Clinical Trial Details
— Status: Completed
Administrative data
| NCT number |
NCT04852510 |
| Other study ID # |
SGHM-JAN2019-OBGYN |
| Secondary ID |
|
| Status |
Completed |
| Phase |
Phase 2/Phase 3
|
| First received |
|
| Last updated |
|
| Start date |
February 1, 2019 |
| Est. completion date |
August 31, 2020 |
Study information
| Verified date |
April 2021 |
| Source |
Saudi German Hospital - Madinah |
| Contact |
n/a |
| Is FDA regulated |
No |
| Health authority |
|
| Study type |
Interventional
|
Clinical Trial Summary
Objective: To investigate the potential benefit of adding Thymoquinone to Metformin in
alleviating symptoms of polycystic ovarian syndrome.
Methods: 207 overweight and obese PCOS Patients were divided into two groups. Patients in
Group A, received Metformin 500 mg three times daily for 6 months. Patients in Group B,
received a combination of Metformin 500 mg and Thymoquinone in the form of Black Cumin oil
500 mg capsules three times daily for 6 months. Follow up was done after 3 and 6 months from
the beginning of the study for evaluation of menstrual cycle pattern, body mass index, Waist
circumference, Hip circumference, and Waist / Hip ratio, Oral glucose tolerance test,
Glycosylated Hemoglobin A1C, Superoxide dismutase activity and Malondialdehyde concentration.
Description:
This randomized clinical trial was conducted in the department of Obstetrics and Gynaecology
at the Saudi German Hospital, Madinah-KSA, during the period from February 2019 to August
2020. The study included 207 patients who fulfilled the following inclusion criteria: age of
18 to 35 years, overweight and obese PCOS patients (overweight defined as body mass index
(BMI) 25-29.9 kg/m2 and obesity defined as BMI ≥ 30 kg/m2) attending the outpatient clinic,
complaining of amenorrhea or oligomenorrhea with or without hirsutism.
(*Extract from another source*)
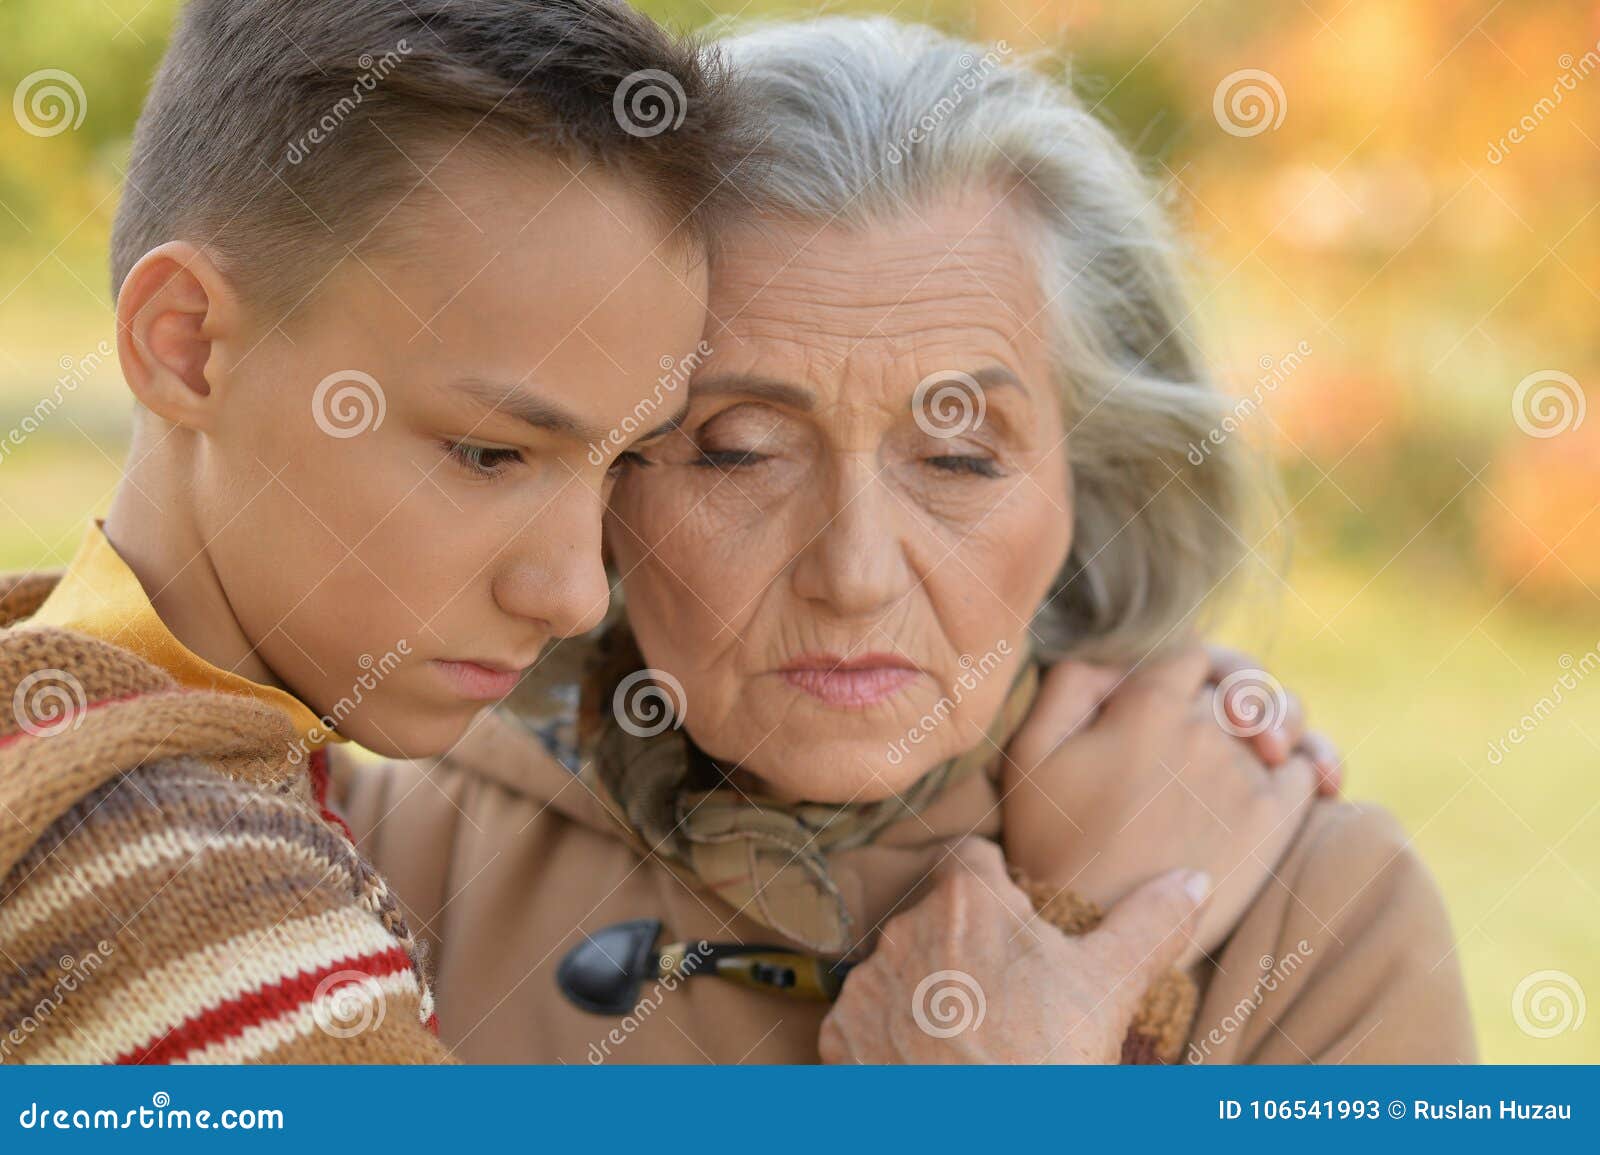 порно детей с бабушками (120) фото

Amenorrhea was defined
as absence of menstruation for six or more months. Oligomenorrhea was defined as cycle
interval of more than 35 days but less than 6 months. PCOS was diagnosed according to the
2004 Rotterdam ESHRE/ASRM Consensus workshop, with presence of at least 2 out of 3 criteria:
oligo- and/or anovulation, clinical and/or biochemical hyperandrogenism, and polycystic
ovarian morphology identified by ultrasound with more than 12 small antral follicles in an
ovary, with exclusion of other related aetiologies like androgen-secreting tumours,
congenital adrenal hyperplasia, and hyperprolactinemia. Prediabetes patients who are at
increased risk of developing diabetes, as defined by the American Diabetes Association 2014,
were included. Those patients had; impaired fasting glucose (IFG) defined as fasting plasma
glucose (FPG) levels of 100 to 125 mg/dL (Fasting was described as no caloric intake for at
least 8 hours), or impaired glucose tolerance (IGT) defined as 2-hour readings of 140 to 199
mg/dL in the oral glucose tolerance test (OGTT). Patients who were considered at very high
risk of developing diabetes according to the International Expert Committee 2009 were also
included. Those patients had their Glycosylated Hemoglobin A1C levels between 5.7% and 6.4%.
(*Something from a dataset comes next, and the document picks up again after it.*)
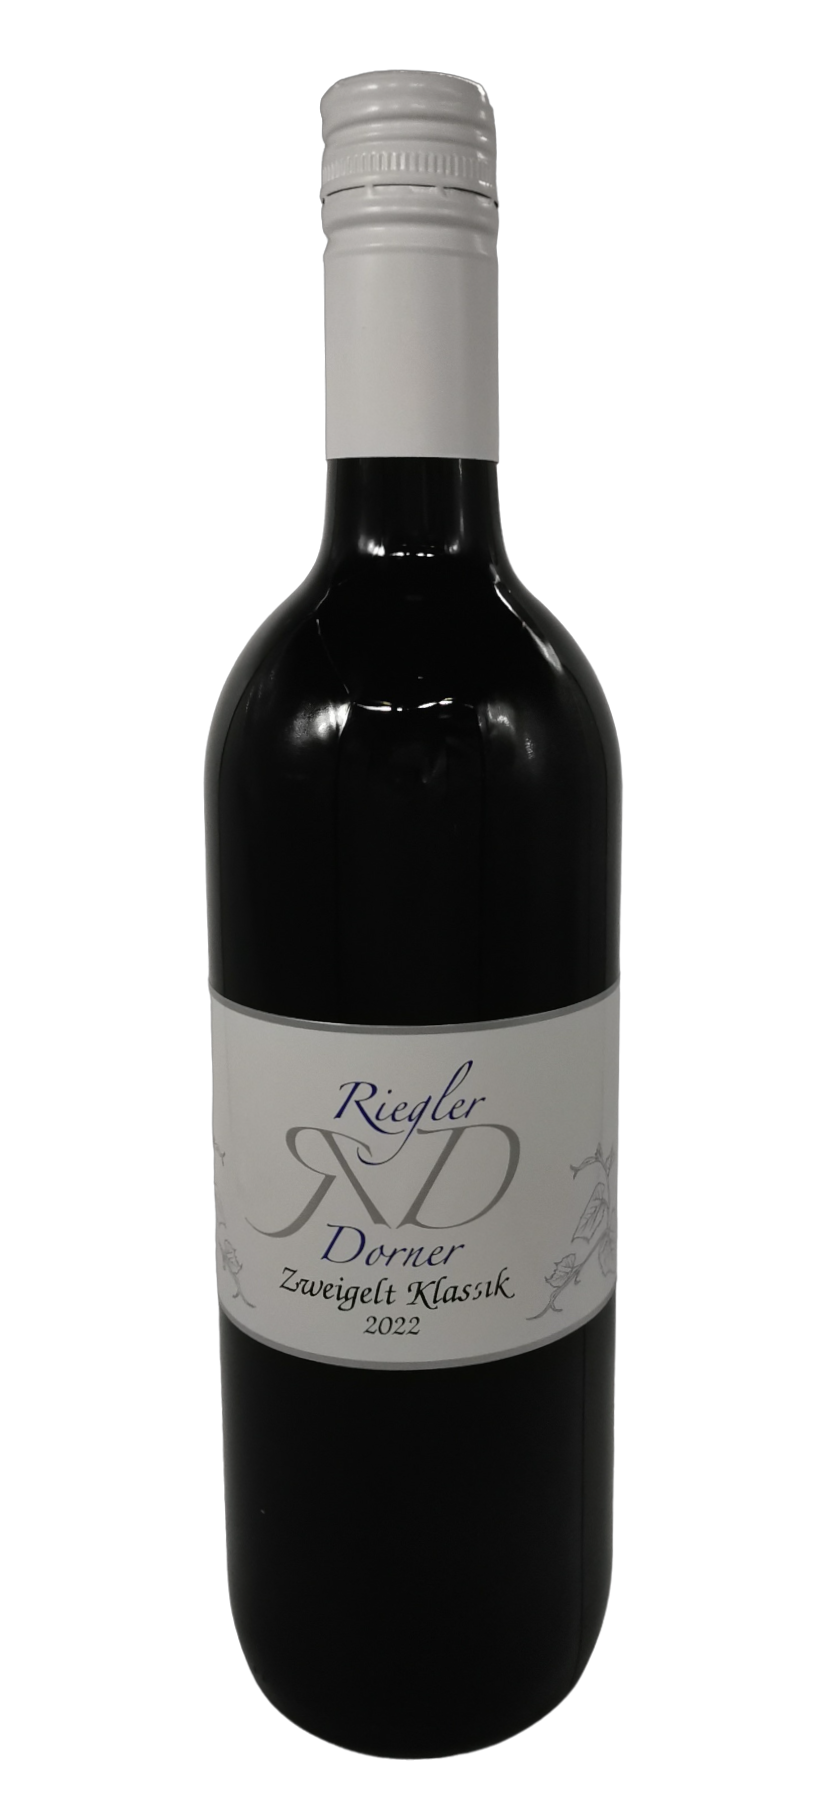 Weinbau Riegler-Dorner Produkt-Beispiele Zweigelt Klassik

Exclusion criteria were: lean or average weight PCOS with BMI < 25 kg/m2, morbidly obese
patients with BMI ≥ 35 kg/m2, patients suffering from any other metabolic disorders, history
of receiving any hormonal treatment or any drug affecting carbohydrate metabolism 3 months
prior to the beginning of the study, and inability to attend the regular follow up visits.
Already known and recently diagnosed diabetic patients were excluded from the study.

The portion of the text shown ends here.